Visualizing the result, we obtain the following figure:

The \(p\)-value is \(0.0608\) with \(9999\) simulations, which is not significant under the standard rejection threshold of \(0.05\). Under this threshold we would not reject \(H_0\), since there is not enough evidence of a correlation between height and pulse.

Summary and references

Monte Carlo permutation tests offer an intuitive non-parametric approach to hypothesis testing.

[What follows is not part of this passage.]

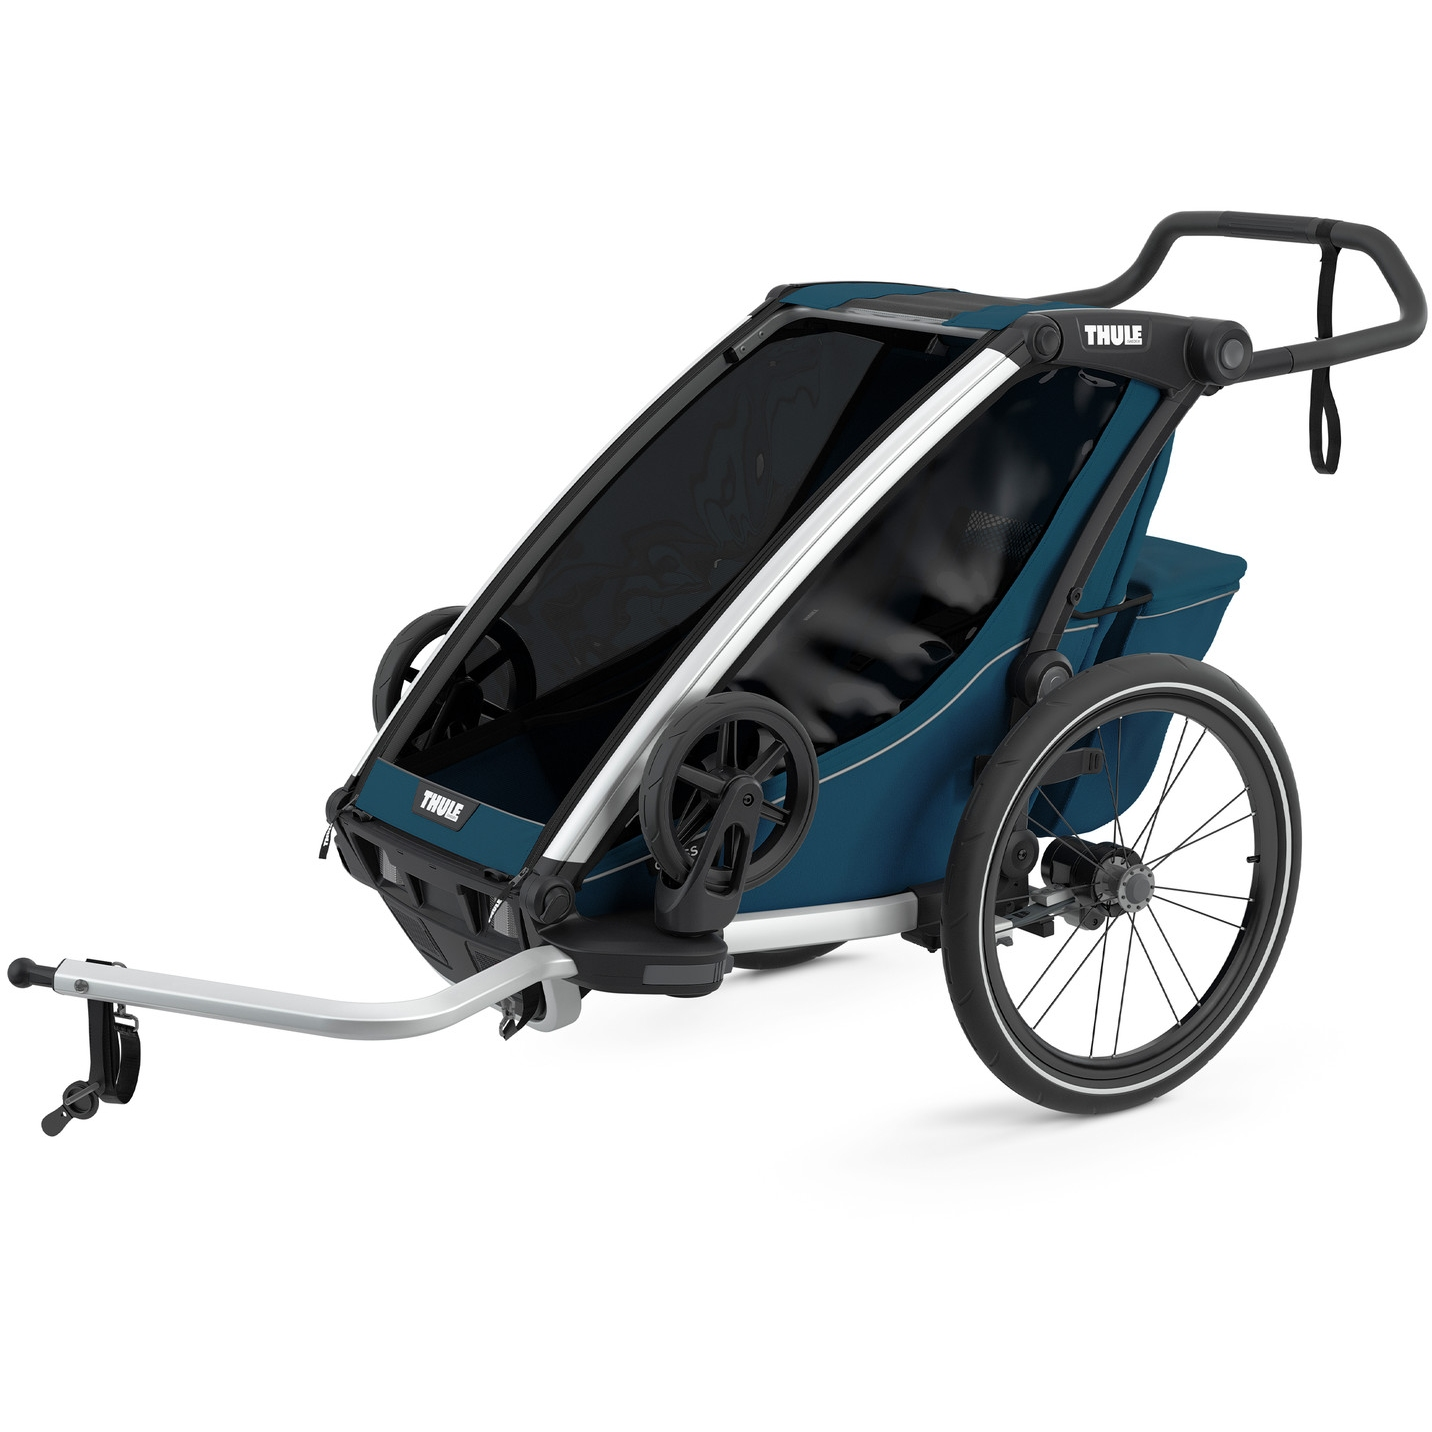 Foto de Thule Chariot Cross 1 - Remolque de bicicleta para 1 niño - majolica blue

A dash of creativity combined with common sense is required to determine test statistics and null hypotheses, but once that is done the computer does the rest.

Permutation tests are very flexible. In the first example, we could’ve used the difference between medians instead of the difference between means. In the second example, we could’ve used ratios instead of differences. In the third example, we could’ve used Spearman’s rho or Kendall’s tau instead of Peasons linear correlation coefficient. Choosing the appropriate test statistic is a modeling choice, but running the code with an alternative test statistic requires only trivial code changes.

Despite the virtues of permutation tests, traditional parametric approaches still have their place. We did not go into any theory behind permutation tests in this article, but interested readers can take a look at the book “Permutation, Parametric and Bootstrap Tests of Hypotheses.”